**Data shown**.
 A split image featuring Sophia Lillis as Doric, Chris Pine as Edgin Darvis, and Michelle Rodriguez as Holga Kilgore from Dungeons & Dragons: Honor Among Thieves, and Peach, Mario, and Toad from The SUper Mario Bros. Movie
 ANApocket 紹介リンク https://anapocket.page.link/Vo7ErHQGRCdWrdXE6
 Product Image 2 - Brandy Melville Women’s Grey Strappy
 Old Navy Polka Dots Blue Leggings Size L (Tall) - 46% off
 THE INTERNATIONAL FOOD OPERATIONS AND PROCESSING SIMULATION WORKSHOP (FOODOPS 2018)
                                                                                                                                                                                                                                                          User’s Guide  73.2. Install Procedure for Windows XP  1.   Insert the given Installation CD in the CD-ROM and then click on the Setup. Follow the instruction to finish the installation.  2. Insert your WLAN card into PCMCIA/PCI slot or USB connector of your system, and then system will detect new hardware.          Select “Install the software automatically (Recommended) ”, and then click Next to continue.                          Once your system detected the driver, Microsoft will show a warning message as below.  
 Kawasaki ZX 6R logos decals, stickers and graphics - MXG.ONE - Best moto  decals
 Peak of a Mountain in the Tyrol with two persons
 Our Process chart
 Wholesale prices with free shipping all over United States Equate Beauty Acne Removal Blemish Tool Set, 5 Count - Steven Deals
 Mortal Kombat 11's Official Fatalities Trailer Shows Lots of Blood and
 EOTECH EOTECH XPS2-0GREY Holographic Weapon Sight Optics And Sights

**Assignment**.
Using the listing, filter for "with" and return the matching lines.

**Finished exercise**.
 Peak of a Mountain in the Tyrol with two persons
 Wholesale prices with free shipping all over United States Equate Beauty Acne Removal Blemish Tool Set, 5 Count - Steven Deals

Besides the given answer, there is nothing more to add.